И вдруг со смехом кричит Фриц, хозяйкин сын:

– 4, и еще 20…

Я совсем не знаю, что это значит, и надо ли мне тоже смеяться. Тоска овладевает мною, и я упорно смотрю перед собой, и что-то кружится, все кружится передо мною, и я не знаю, что это такое…

И откуда-то неслышно произносит кто-то совсем печально: «Ни-ког-да…»

Я оглядываюсь, я ищу, кто сказал это, и не могу найти. Я всматриваюсь в лица: никто из них не может сказать так, как прозвучало.

– 4, и еще 20! – вновь кричит кто-то, и я жалко встаю, и тут поднимается большой шум, и у меня отбирают мои шесть карт. Я с облегчением смотрю на мои руки и думаю о том, кто сказал: «Ни-ког-да» и что значит: «4, и еще 20».

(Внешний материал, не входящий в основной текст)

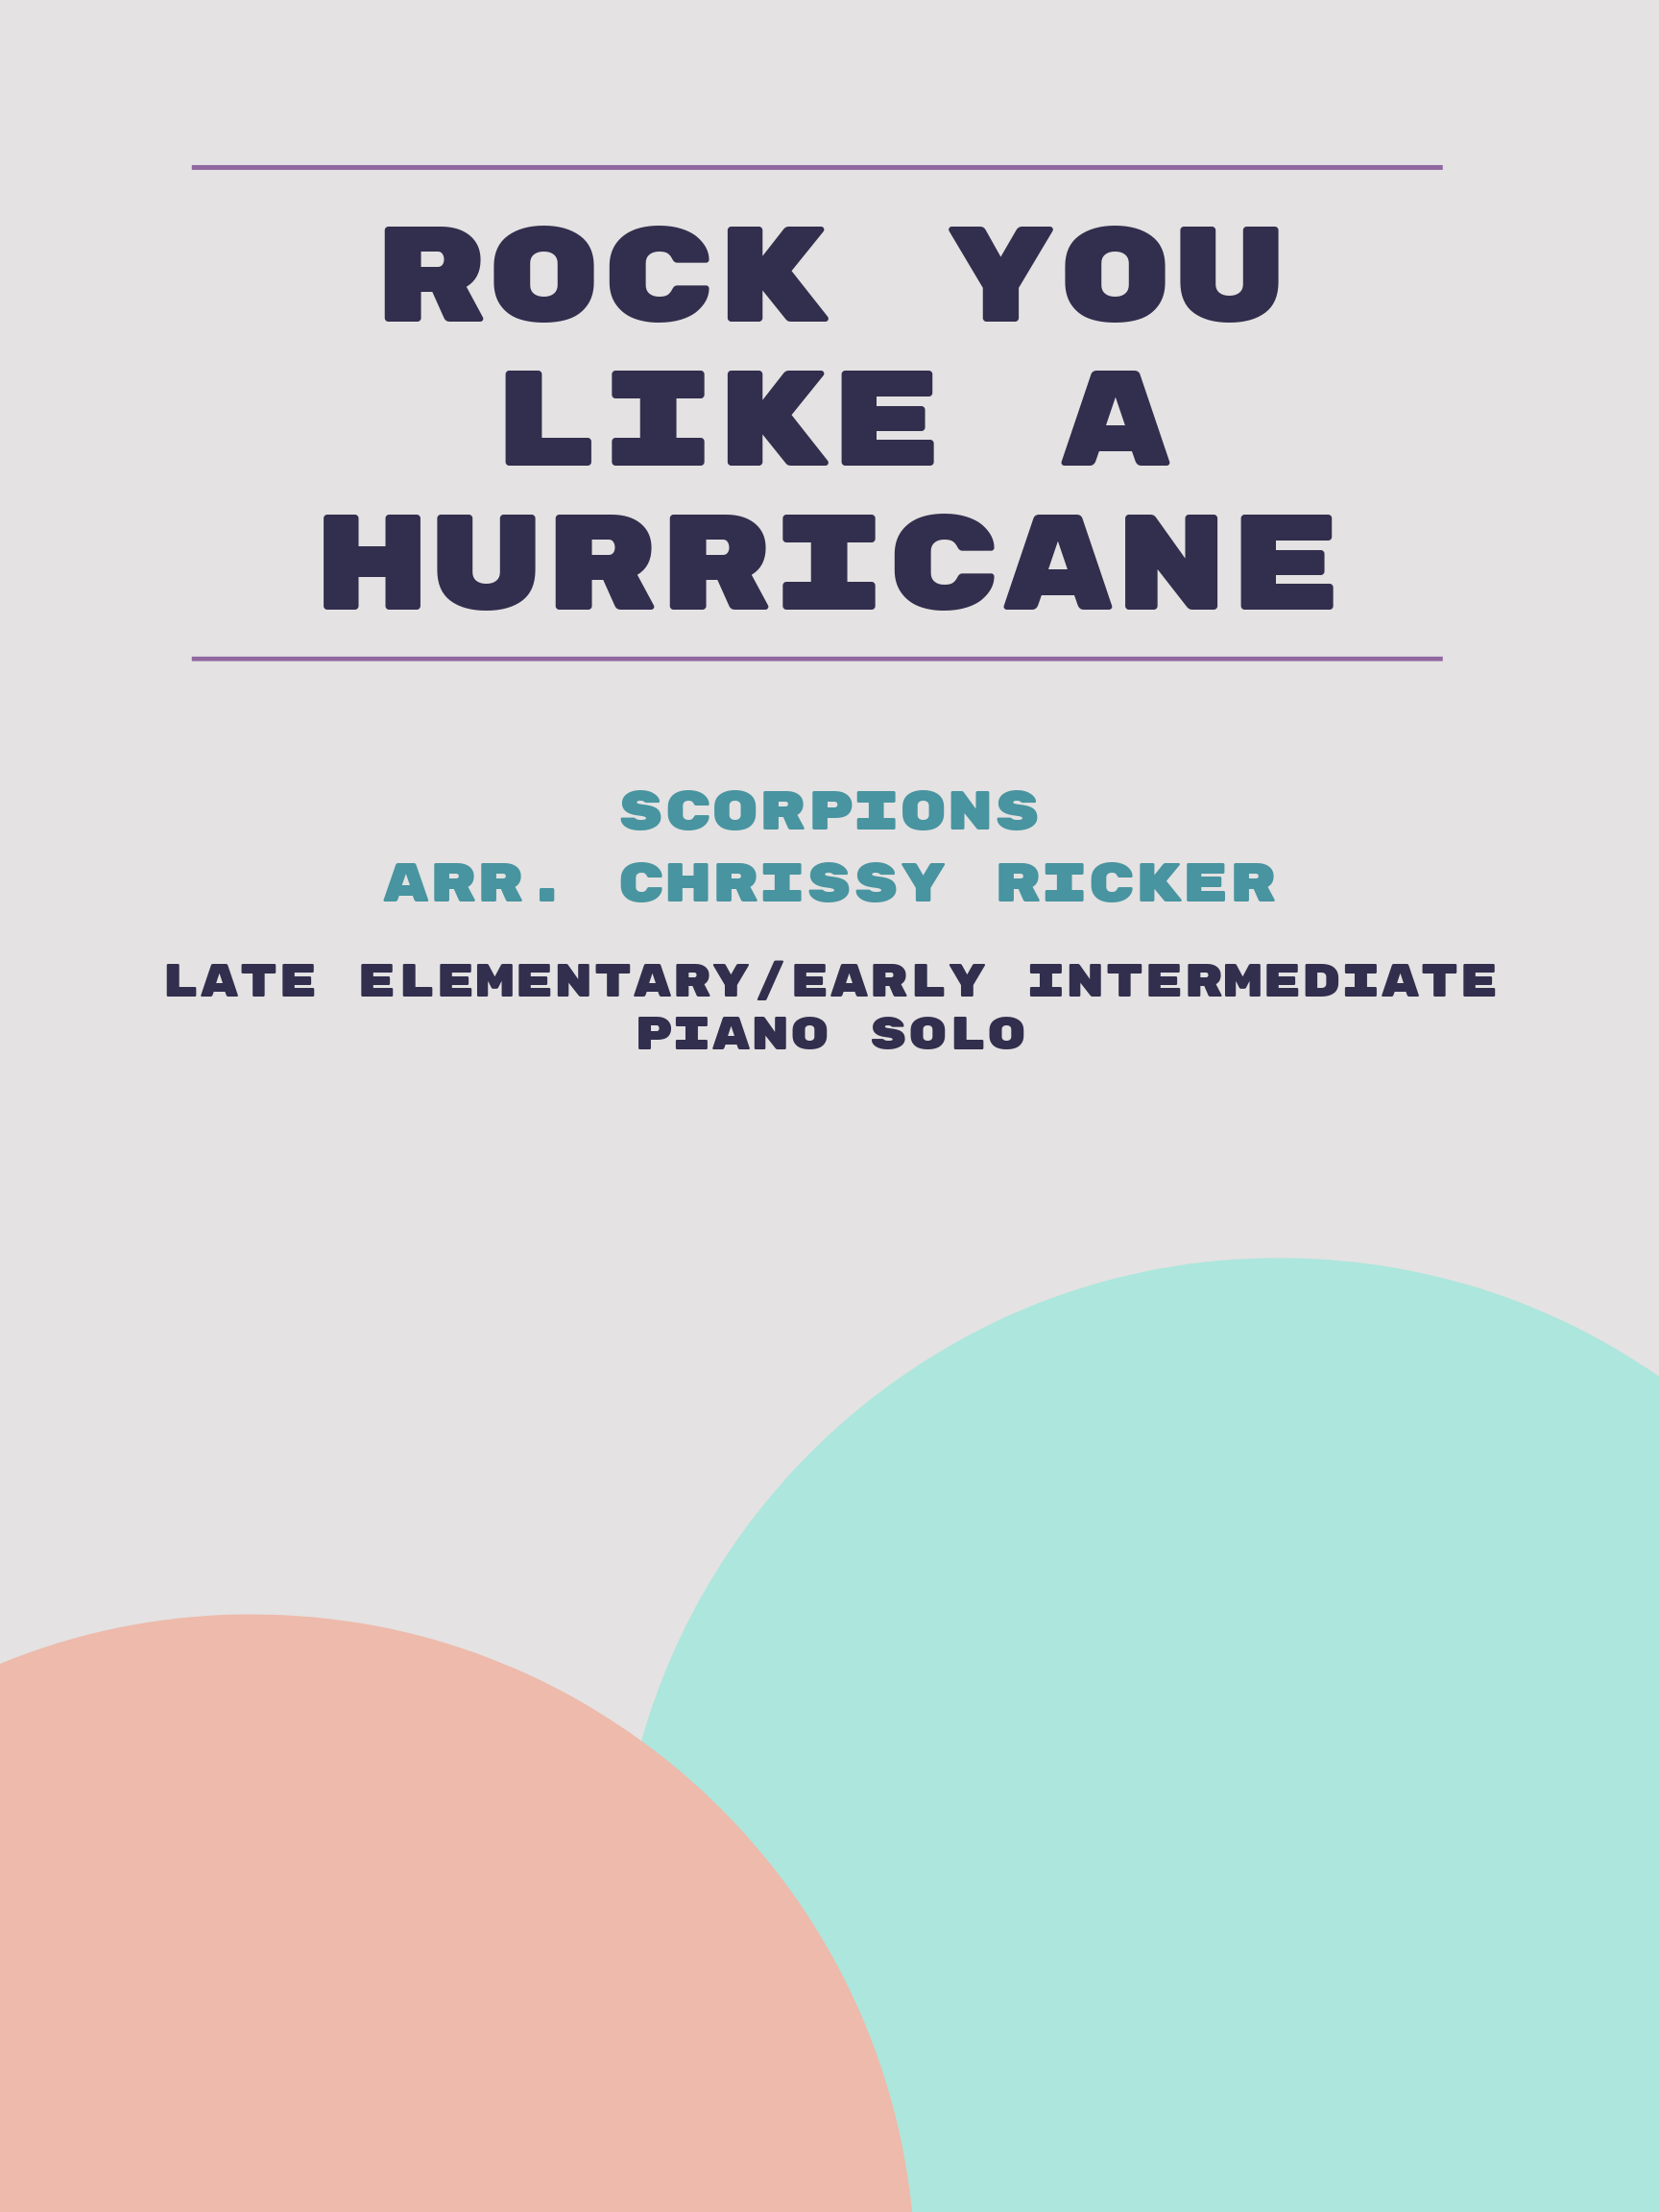 Rock You Like a Hurricane by Scorpions

Тут мне дают какие-то короткие, тонкие палки, и я опять не знаю, для чего все это. И все вскакивают, теснятся, теснят меня к какой-то изгороди, и когда я совсем близко к ней, в щель я просовываю те палки и радуюсь, что теперь я уже совсем свободен и ничем не связан с толпой.

Вдруг я остаюсь совсем один. И оказываюсь около старого колодца с колесом, и мне страшно нужно узнать, почему я здесь, почему мне так хорошо тут. И старая большая груша как-то сразу вздрогнула листьями и повернула их ко мне тыльной стороной… Она была уже блеклой по-осеннему, и я сразу узнал эту грушу, и колодец, и колесо, сдвинутое с места.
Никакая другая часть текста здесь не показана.